Pursuant to the 1985 settlement agreement and as part of the special permit application process, National was required to prepare an Environmental Impact Statement (EIS) to assess the Heliport's effect on its surrounding environment. National hired Young Environmental Services to do this work, but Young had failed to complete the project by 1993. Following another rent dispute, the Economic Development Corporation (successоr to the Department of Marine and Aviation and its successor, the Department of Ports and Trade), as the current agency in charge of administering the City-owned heliports, assumed responsibility for completing the EIS. National agreed to reimburse the City for its costs.
Another rent dispute developed in 1993, causing the City to serve a notice of termination of National's fixed-base operator lease because National had not made the agreed-upon rental payments spelled out in a prior settlement. In response, National filed an action against the City in New York State Supreme Court seeking a stay of eviction. The parties resolved this dispute in a series of settlements commencing on January 10, 1994. The final such settlement, entered on February 13, 1996, provided that the City would allow National to continue its occupancy of the Heliport on a month-to-month basis until July 31, 1996 at which time the City could eject National pursuant to an executed Order of Ejectment. National Helicopter further agreed to waive any claims that were or could have been raised in its state court action against the City.
The Special Permit Application
Meanwhile, on June 29, 1995 the Economic Development Corporation and the Department of Business Services, as co-applicants, filed with the Planning Commission an application for a special permit to allow for the continued operation of the Heliport. The agencies' application discussed their proposal to attain the City's goals of redistributing sightseeing flights away from the Heliport to other City heliports by restricting tourist operations to Saturday and Sunday flights only and limiting the number of flights to a maximum of four per hour during a 12-hour оperating day. The agencies hoped that these restrictions would reduce total operations at the Heliport by 47 percent.

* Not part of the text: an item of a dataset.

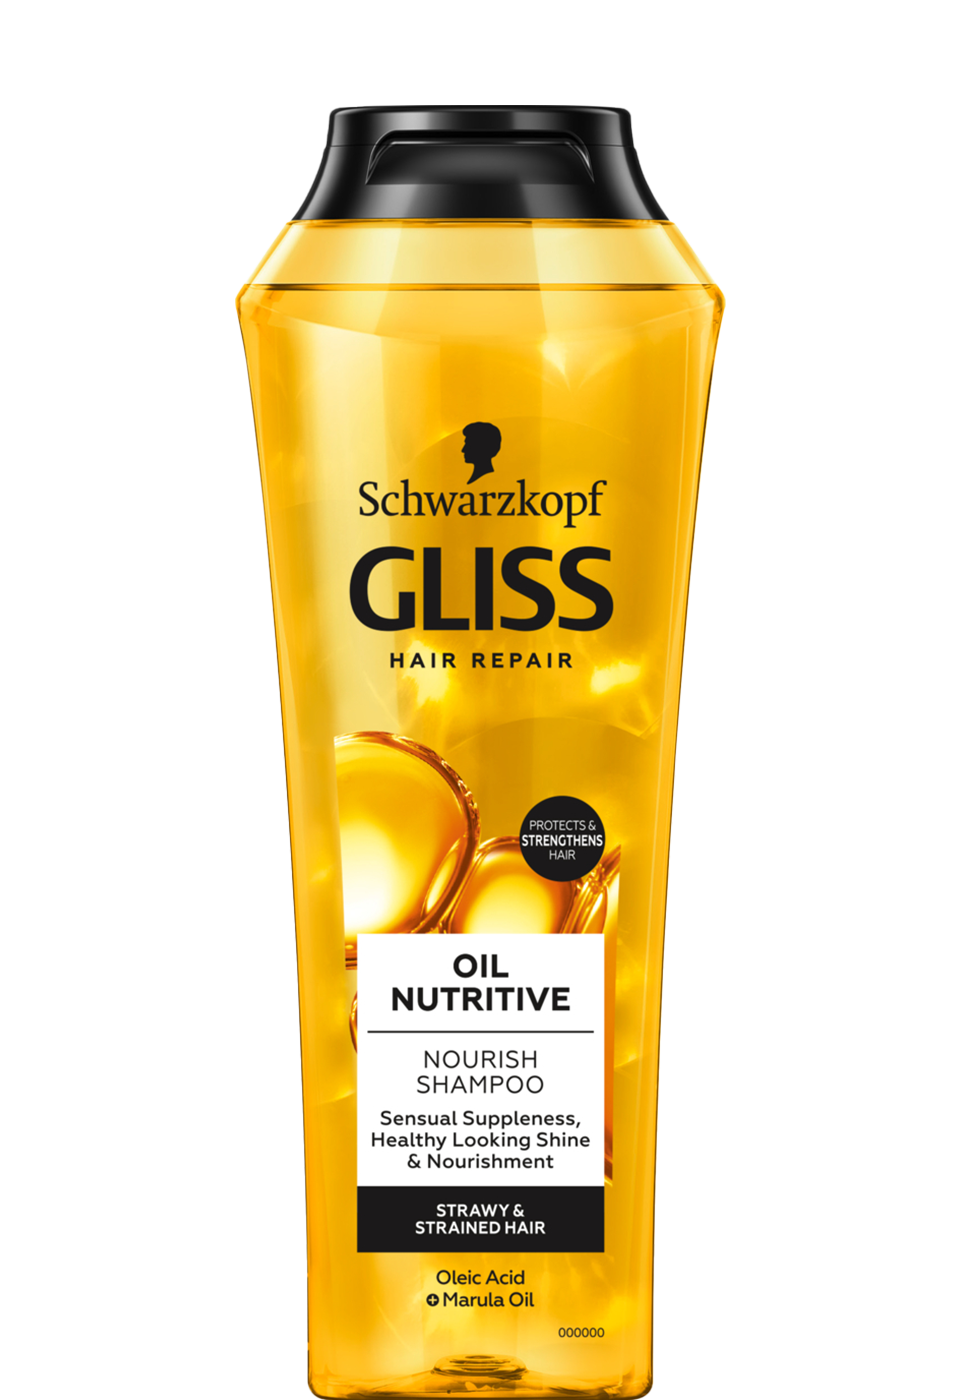 Schwarzkopf GLISS Hair Repair Oil Nutritive Shampoo

Under New York City law, before the Planning Commission may award a special permit, the affected community boards, the borough president, the New York City Council, and the public must review the significant land use decision. See New York City Charter § 197-c. Pursuant to this review procedure, the Planning Commission certified the agencies' application, including a draft EIS, as complete on August 7, 1995. The Planning Commission referred the application to Manhattan Community Board 6 and the Manhattan borough president for consideration. Both opposed the application unless various conditions--including a curfew and the prohibition of weekend sightseeing operations--were met. On November 29, 1995 the City Planning Commission conduсted a public hearing to consider comments from the affected community board, representatives of New York University's medical facilities located near the Heliport, and other community members.
The final EIS, issued on December 27, 1995, evaluated noise data measured at seven receptor sites surrounding the Heliport. It considered the impact of a 47 percent reduction in operations, as discussed in the application for the special permit, and concluded that the proposed reduction would decrease noise levels, both in magnitude and significant impact.

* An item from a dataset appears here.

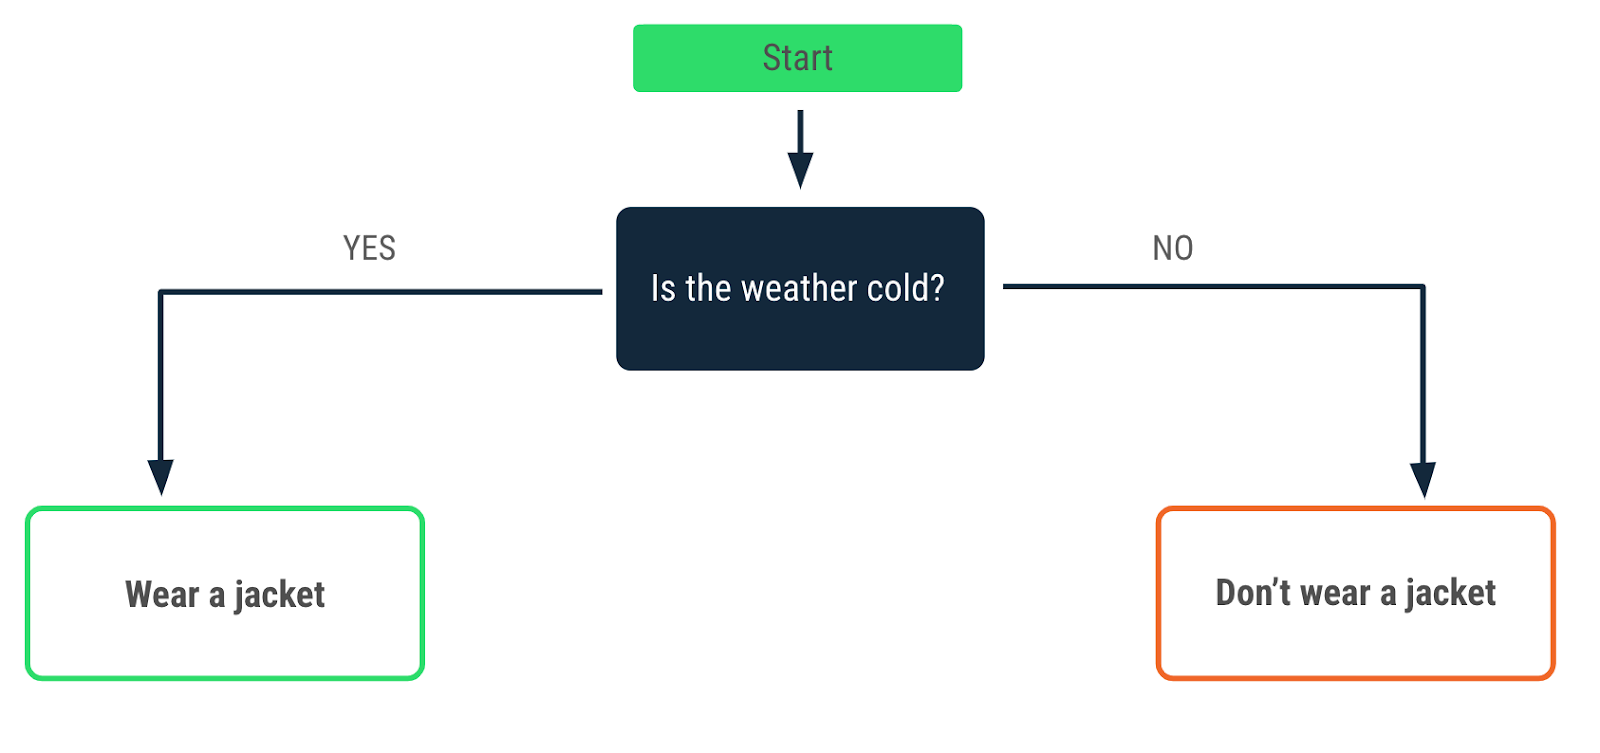 一个流程图，描述了天气寒冷时做出的决策。“yes”箭头指向“Wear a jacket”消息，“no”箭头指向“Don't wear a jacket”消息。

On January 9, 1996 the City Planning Commission recommended awarding the special permit to the Economic Development Corporation and the Department of Business Services for a period of ten years and subject to a variety of restrictions. On March 6, 1996 following a public hearing addressing the City Planning Commission's recommendations, the City Council enacted Resolution 1558, approving the issuance of the special permit, subject to the following conditions: (1) the restriction of weekday operations to between 8 a.m. and 8 p.m.; (2) the restriction of weekend operations to between 10 a.m. and 6 p.m.; (3) the phasing out of weekend operations entirely; (4) the reduction of operations by a minimum of 47 percent overall; (5) the barring of Sikorsky S-58Ts, or helicopters of a similar size, from use of the Heliport for sightseeing operations; (6) the prohibition of sightseeing flights over Second Avenue and the requirement that such flights heading north and south fly only over the East and Hudson Rivers; and (7) the requirement that helicopters using the Heliport be marked for identification from the ground. The Ecоnomic Development Corporation incorporated these conditions into its May 6, 1996 Request seeking a new fixed-base operator for the facility.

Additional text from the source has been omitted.